I wasn’t sure if I was going to watch The Bachelor this season. I’ve analyzed enough of the show in a row that watching it is totally different than it was at the beginning—I can see the edits and manipulations consistently enough that the puzzle is far less of one. But the decision to bring back “fourth time’s the charm” Nick Viall was a weird enough one that I decided to check in. What resulted was the conclusion that his premiere episode is another example of how everything this show does is an effort to adapt to its audience, with the same machinations always there behind the scenes.

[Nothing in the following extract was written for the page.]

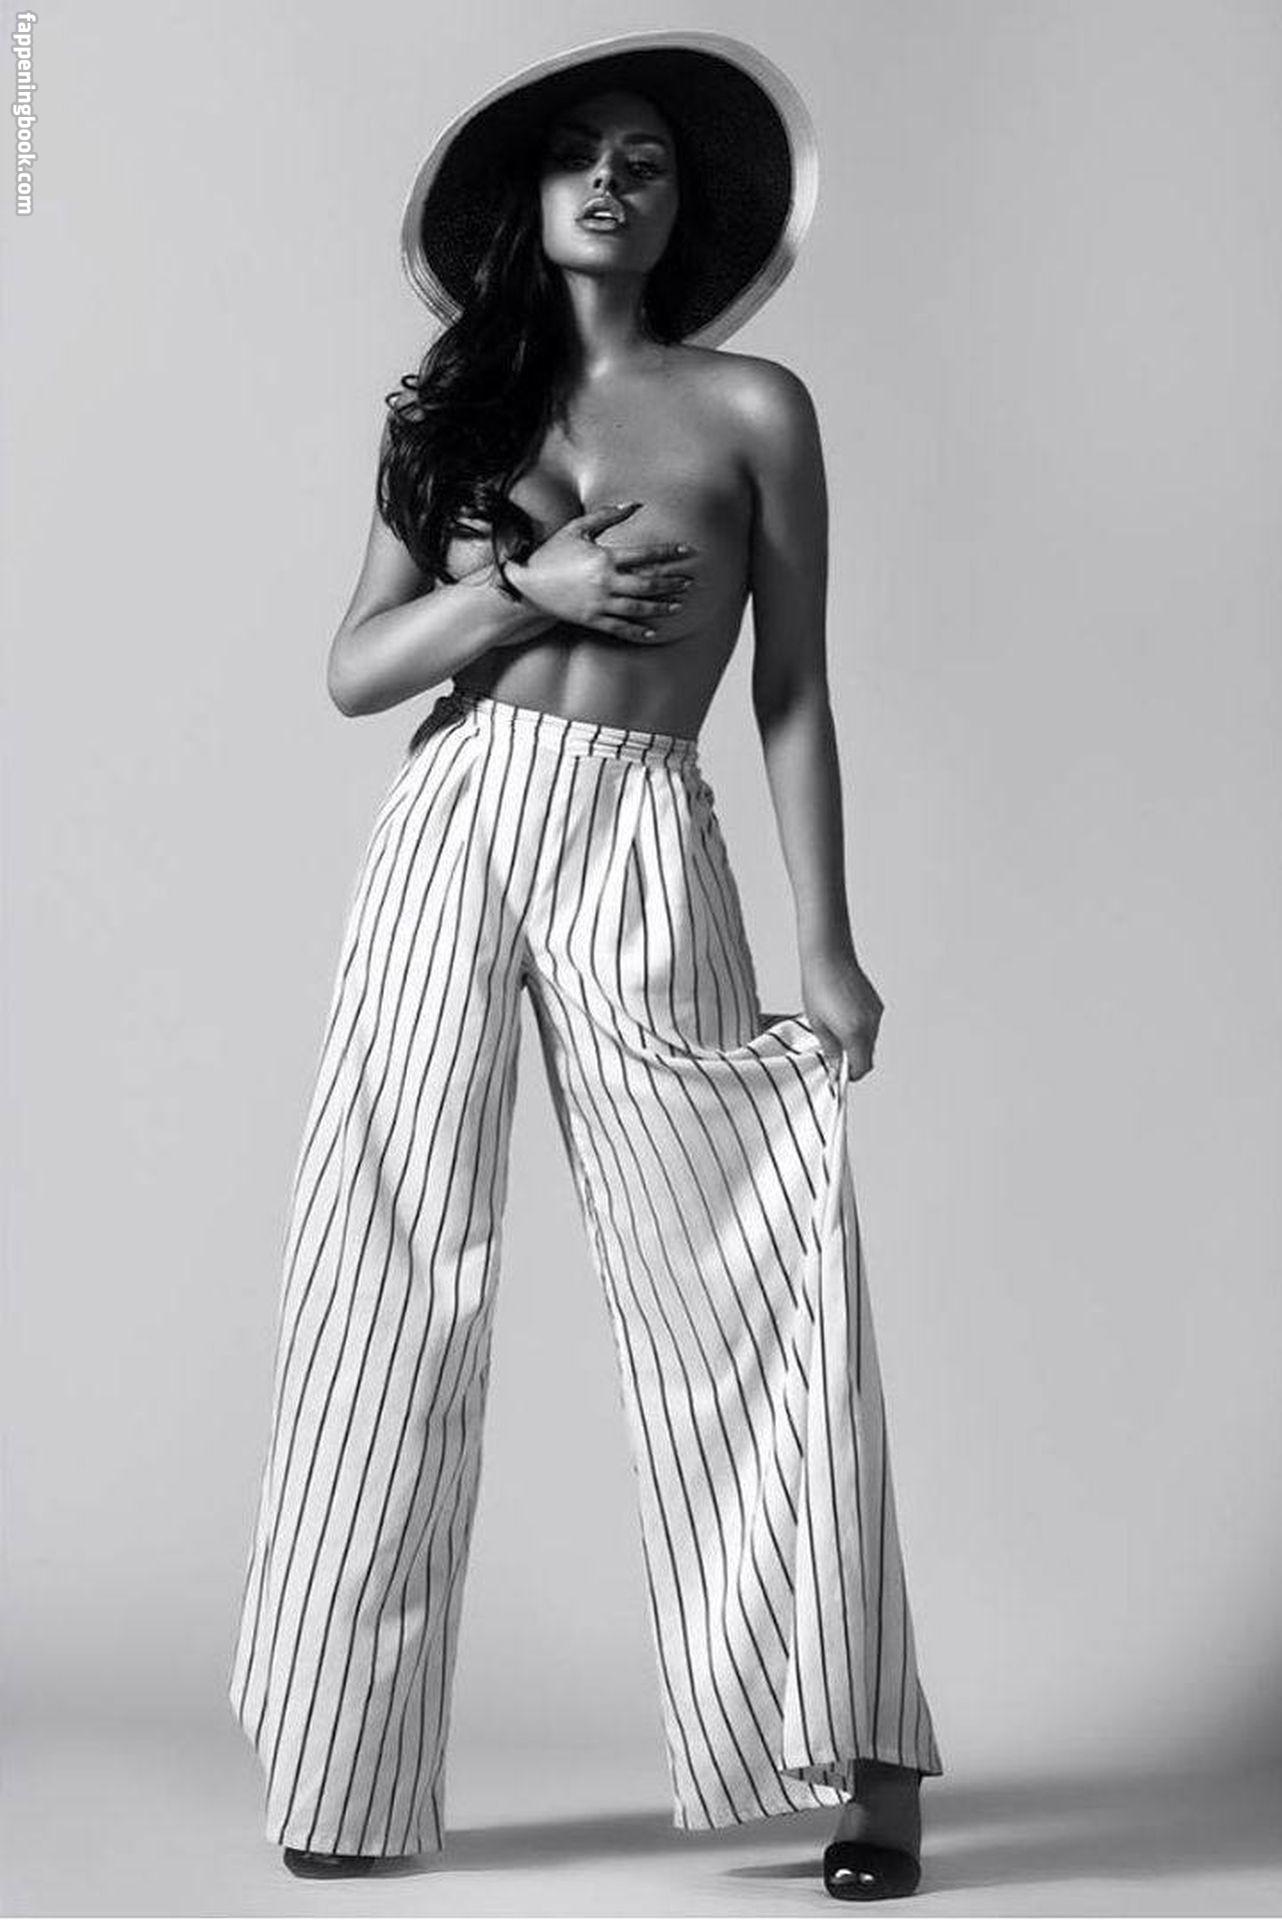 Beyoncé Sexy (12 Photos)_5d20c7ae8250c.jpeg | Pics Holder

To recap: Nick has already been on three seasons of Bachelor shows. He made it to the final two of both Andi and Kaitlyn’s seasons of The Bachelorette, only to be rejected by both of them, and he also made an appearance on Bachelor in Paradise, before immediately ending his fake relationship there to start filming this latest season of The Bachelor. As such, his storyline this season is being promoted as if he may be rejected yet again, to become the most heartbroken man of the franchise.
Nick’s history works as a strong example of how the show has slowly tried to adapt to the demands of its audience. This season features a number of women of color, suggesting that regardless of who Nick picks in the end, there is, yet again, at least a bigger chance than usual that the next Bachelorette could be black. And within half an hour, one of them, Taylor, was talking about how being biracial has shaped her interactions with the world. Additionally, it did not go unnoticed by viewers on Twitter that Nick’s “first impression rose” was given to Rachel, an attorney from Dallas who is black.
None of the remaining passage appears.